Two prison officers who were assigned to guard Jeffrey Epstein on the night he was found dead in his cell of an apparent suicide have been indicted on criminal charges, federal prosecutors in New York announced Tuesday.

Authorities have charged Michael Thomas and Tova Noel with making false records and conspiracy. The two worked as prison guards at the Metropolitan Correctional Center, a federal jail in Manhattan that's mostly used for defendants awaiting trial.

Prosecutors say Thomas and Noel neglected to check on Epstein every half-hour, as they were required to, then falsified prison logs to make it appear as if they were keeping an eye on him.

"They repeatedly failed to conduct mandated checks on inmates, and lied on official forms to hide their dereliction," said U.S. Attorney Geoffrey Berman.

According to the indictment, Thomas and Noel "sat at their desks, browsed the Internet, and moved around the common area" of the prison instead of monitoring Epstein in his cell in the Special Housing Unit.

Epstein, 66, the wealthy financier who faced sex-trafficking charges at the time of his death, was awaiting trial in a case that, if he was convicted, could have resulted in a decades-long prison sentence.
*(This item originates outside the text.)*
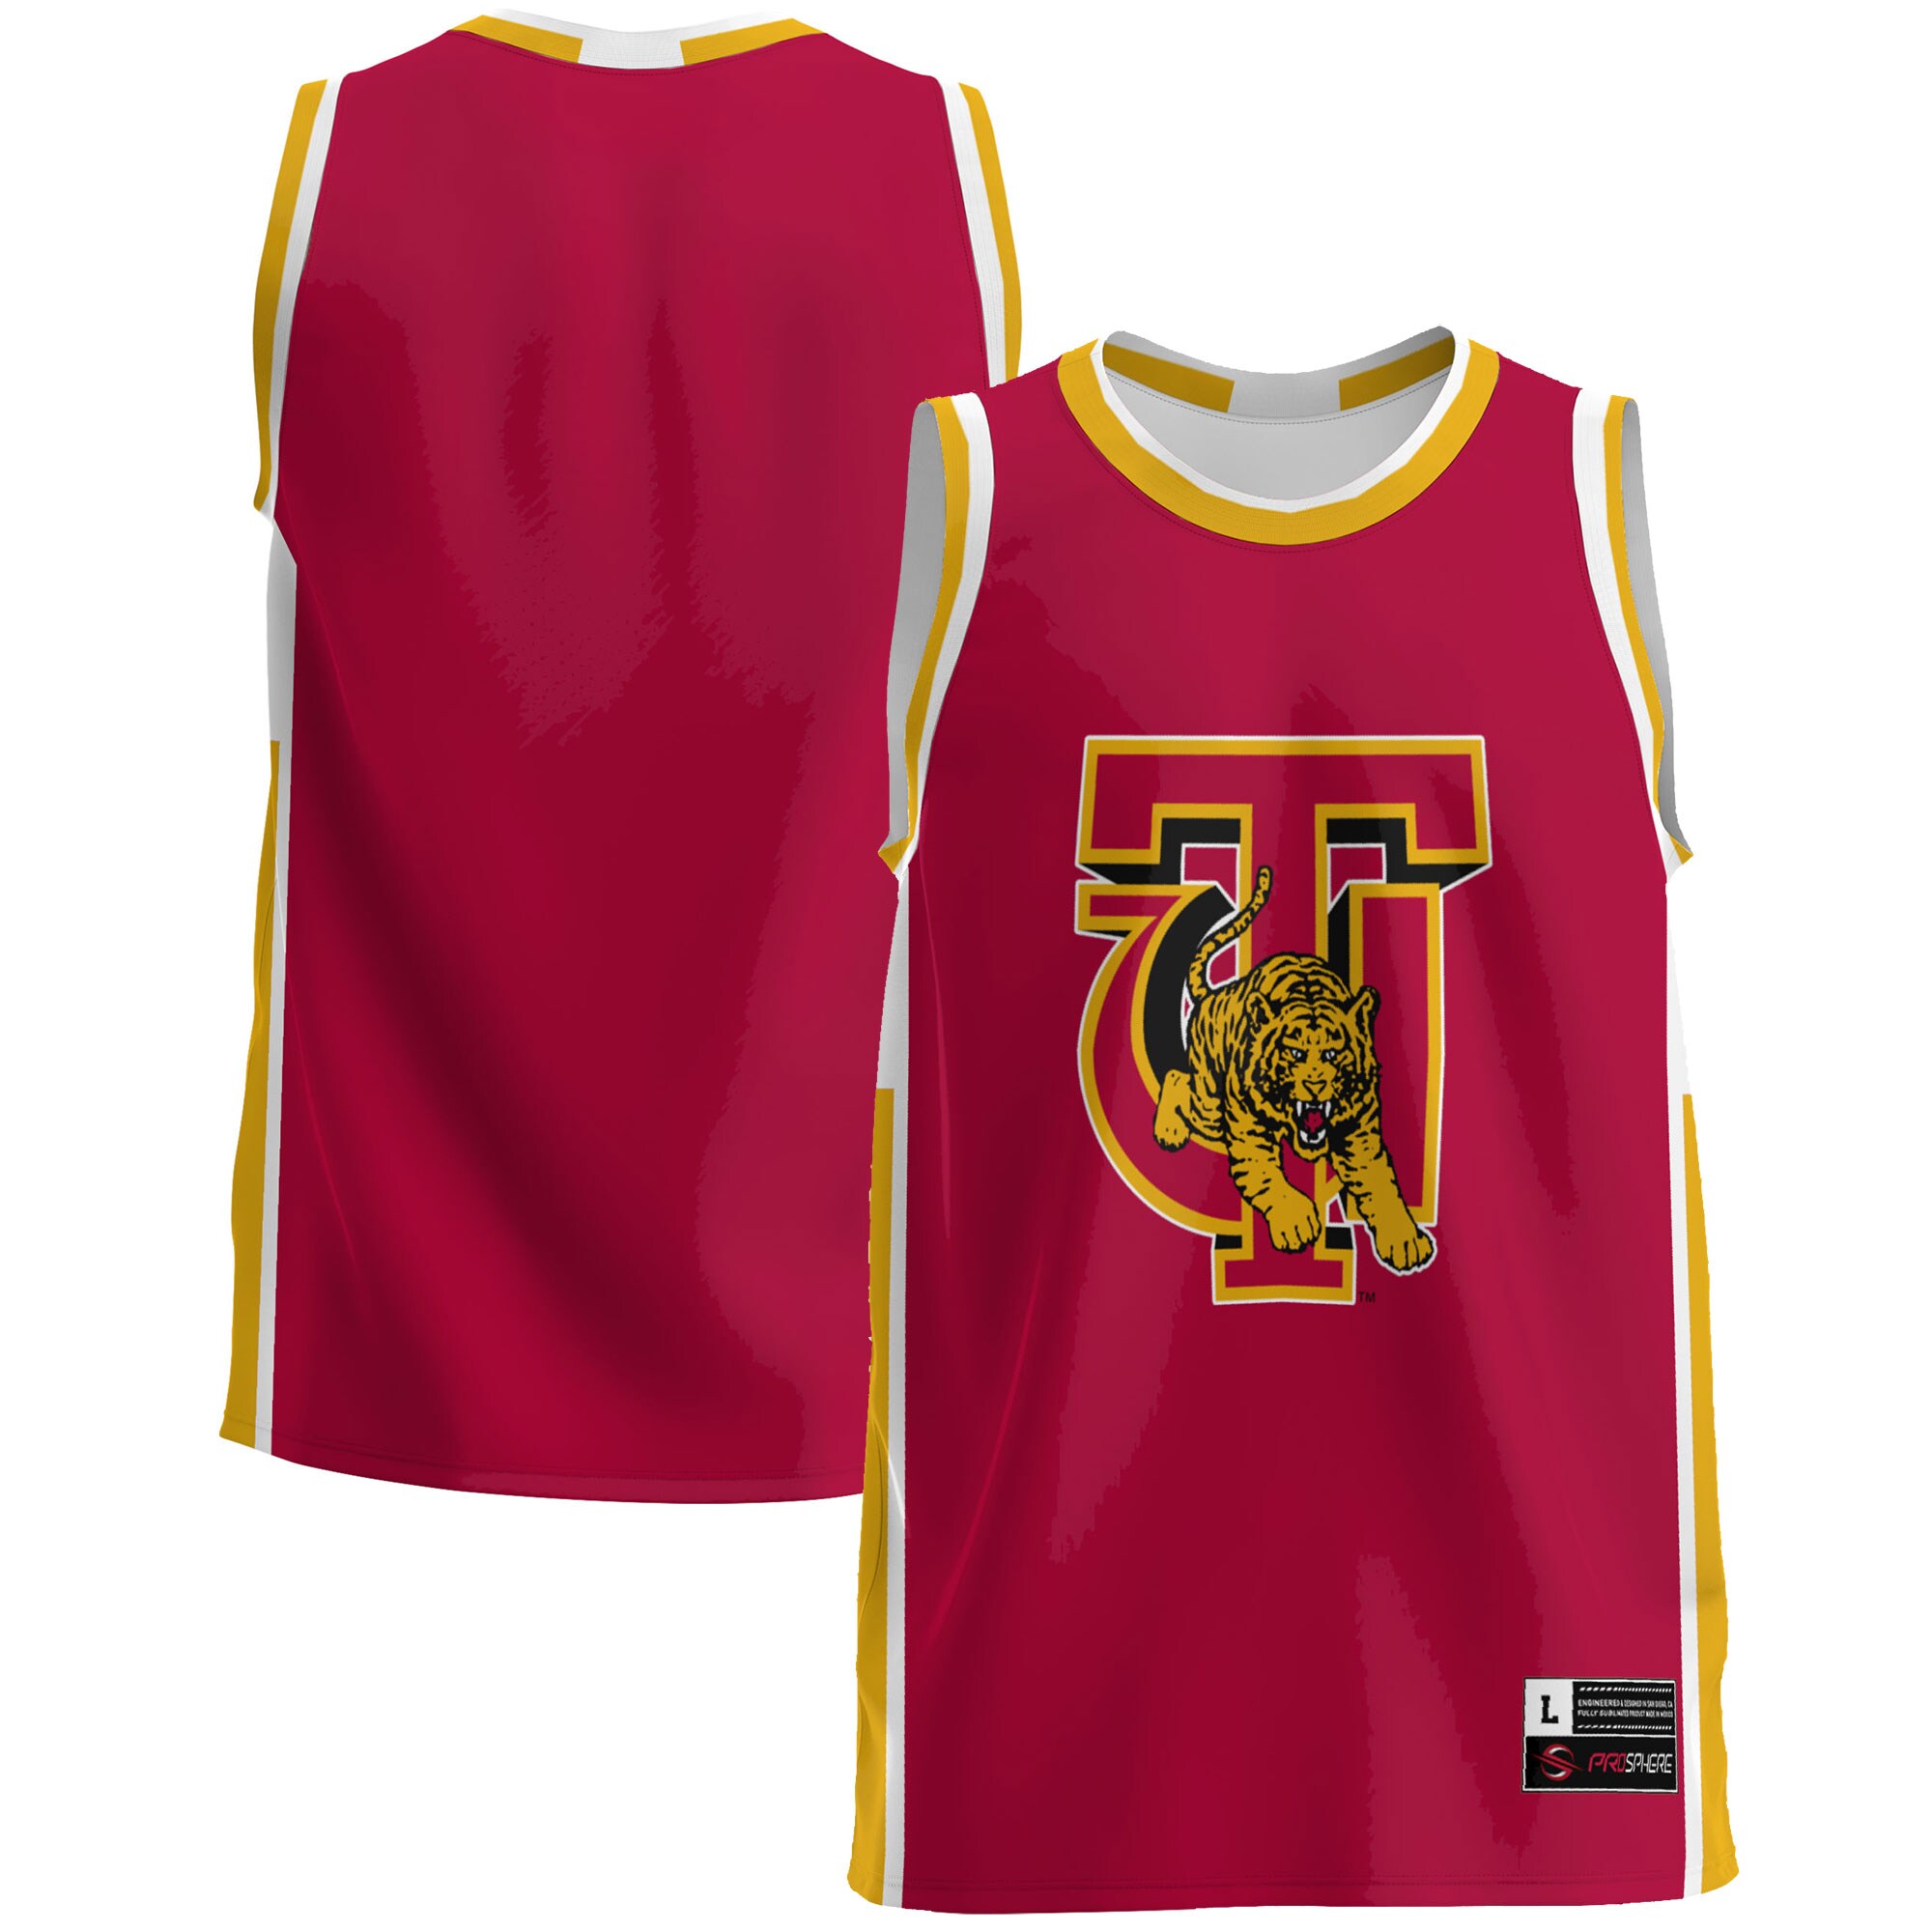 Tuskegee Golden Tigers Basketball Jersey - Crimson For Youth Women Men

The New York City medical examiner said in August that an autopsy showed that Epstein had hung himself in his cell, a conclusion that has been rejected by both conspiracy theorists and members of Epstein's own family, who have claimed his death was a homicide and hired a private forensic pathologist to probe the incident.

There were warning signs that Epstein was a high-risk inmate. In July, guards found Epstein unconscious and with bruises on his neck. After that, Epstein was placed on suicide watch for about a week but then was taken off and returned to special detention unit where inmates receive extra supervision, including being checked in on once every 30 minutes. Less than two weeks later, Epstein was found dead.

Before his death, Epstein had pleaded not guilty in a case in which authorities said he "enticed and recruited" young girls to visit his mansion in Manhattan and his estate in Palm Beach in order to sexually abuse them.

Prosecutors said he paid the girls hundreds of dollars in cash for their silence and coaxed them into finding him other victims. The girls, as young as 14 years old, were brought to his properties ostensibly to provide Epstein massages, but he would escalate the encounters by making unwanted physical contact that would ultimately end in sexual abuse, prosecutors wrote in a federal indictment filed in July that involved allegations stretching back to the early 2000s.

Attorney General Bill Barr said shortly after Epstein's death that he was "appalled" that such a high-profile defendant was not properly guarded in a federal facility. Barr said the Justice Department, the Federal Bureau of Investigation and other authorities have launched inquiries to get to the bottom of what led to Epstein's dying in a jail cell.

The union that represents Federal Bureau of Prisons officials has said that since the facility Epstein was housed in was not operating with a full staff, officers like the two charged on Tuesday had to work mandatory overtime. Some correctional officers, the union said, work up to 80 hours a week.

"Years of severe staff shortages, mandatory overtime, and a serious lack of resources created this unfortunate situation," said Eric Young, the president of the prison workers' union.